Tuesday, 18 September 2012

I live to tell another tale. And it rained!!!

Haha, okay I made it through the night and survived. I am stiff and sore but happy.

Anyway the most exciting thing that happened is that it rained! After living n New Zealand for most of my life, and being used to it raining a great deal, coming here to this often drought ridden land, having rain is a very exciting event.

When we first moved to Australia we lived in a town called Bundaberg.  Let me digress for a minute...I will go completely off subject.  When we lived in Bundaberg I tried to find out why it was given that name. It was  a funny name for a town. No one knew why Bundaberg was called Bundaberg.

In New Zealand, many towns have Maori  names and we usually knew why they were called that name, or it was easy to find out, you just asked someone. I lived in Te  Awamutu. That town was at the junction of two smaller rivers and it was as far as the Maori could go in their canoes, so they made camp there and eventually it became a town over the years. It means the end of the journey. Perfectly sensible. Another town  I lived in was Paraparaumu. It means dirty dirty oven. Apparently it was known for something to do with dirty ovens. Next to Paraparumu was Paekakariki. (Said pie kok a ree kee). It means the place where the parakeets flew. Apparently there used to be cockatoos or parakeets on Kapiti Island and all around there in the past. And the English names were usually after famous people in NZ history.

Anyway, no one knew about  Bundaberg. It took me four years and a great deal of asking to find out that it meant the town of the Bunda people. It seems the local Aborigine tribe were the Bunda people, and a man who lived there as the town was forming was a German man. In Germany, berg means town, or similar. So he called it the town of the Bunda people, or Bundaberg.  Once I heard that it made sense.

Okay, back to the rain. When we lived in Bundaberg, generally shortened to Bundy, (where the Bundy rum is made) it didn't rain very often, but when it did, it poured. The towns in the north of Aussie are built with concrete channels all around the towns to take away water quickly. So often it would rain just a few times a year, but they would be downpours that might last a couple of days. Or with the tropical weather, in the summer storms would often go over in the afternoons and drop a heap of rain in just a few minutes then the clouds would waltz out to sea and the sun would be back. So we would stand on the veranda, ooohhing and aahhhing that it was raining.

Well, we have been about six or seven weeks here without rain and it was getting really dry. The lawn grasses around here are just amazing. If you don't water them, they just die,they go brown, and crunchy. If they go without water for long enough, the grass more or less disappears and you have dry ground. But when it rains, the grass is back in a few days. It is truly amazing! You can almost see the grass grow.

Well, over the past few weeks our grass at this house sit has got browner and browner, and some of the trees and shrubs were looking very sad. (We had checked with the owner, but he said not to worry, don't water the trees, all will be well when it rains.)  Then on Monday night we got about 26 mils of rain and yesterday a bit more.
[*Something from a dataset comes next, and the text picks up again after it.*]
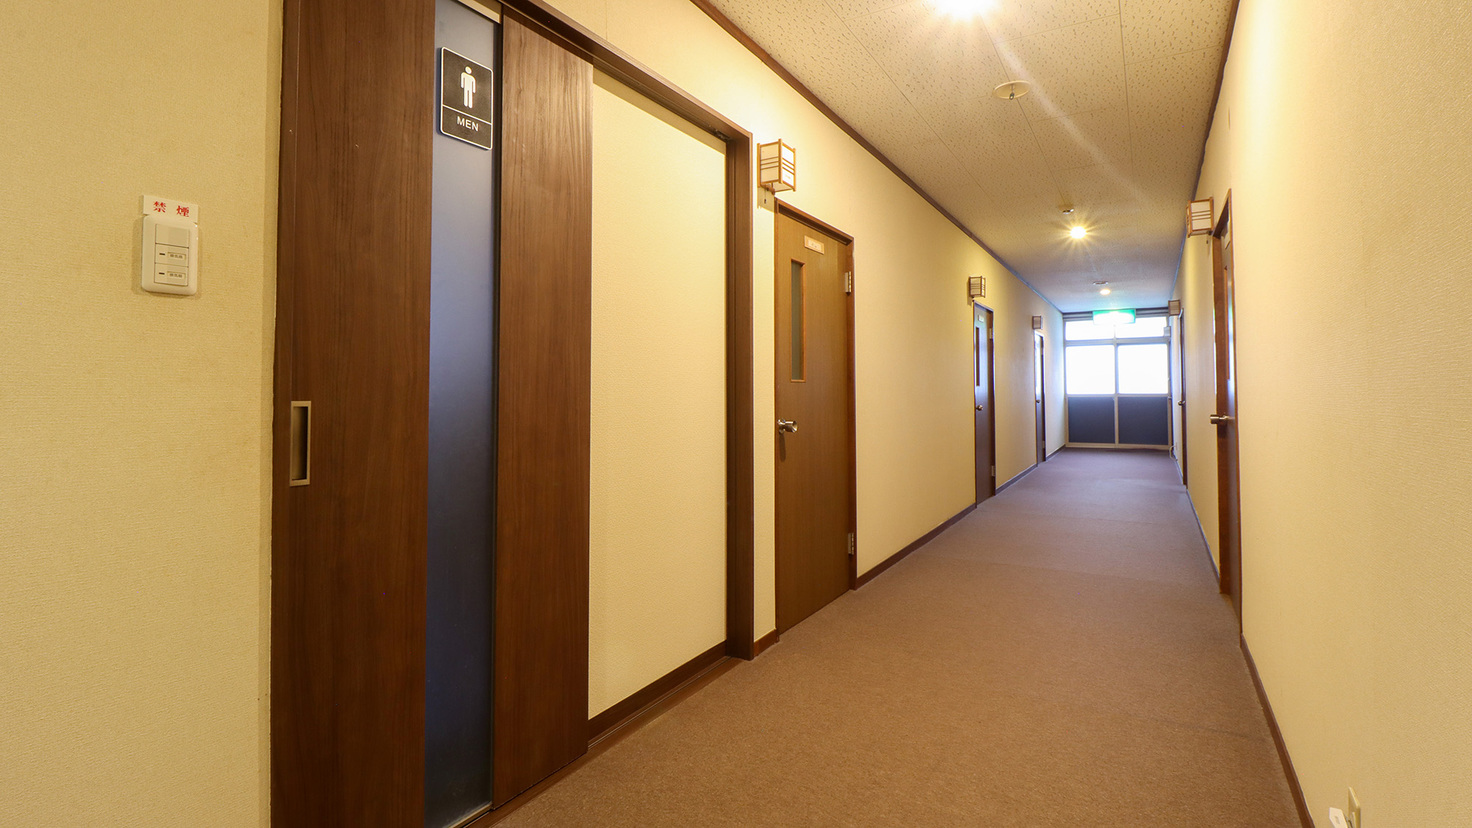 #館内すっきりとした広めの廊下です。

Overnight, the grass has  become green.


Aussie is full of frogs during the summer. This little critter is on the outside of the kitchen window in one of our New South Wales house sits.


 The frogs are coming out, a sure sign summer is on the way, and the trees and shrubs have perked up. October and November are storm months around here, so often afternoon storms roll over and drop a good soaking rain before they head seaward. Our weather generally comes from the hot inland during the summer, humidity and heat builds up for storms.


This picture is not our current house sit, but one in New South Wales. I took this during a thunder storm. You can see the heavy rain bouncing on top of the tank, and it is pouring out of the top by the white pipe and running down the sides of the tank.


Anyway, it has rained, I have lived through two sessions at the gym, we have some friends coming for lunch and all is okay.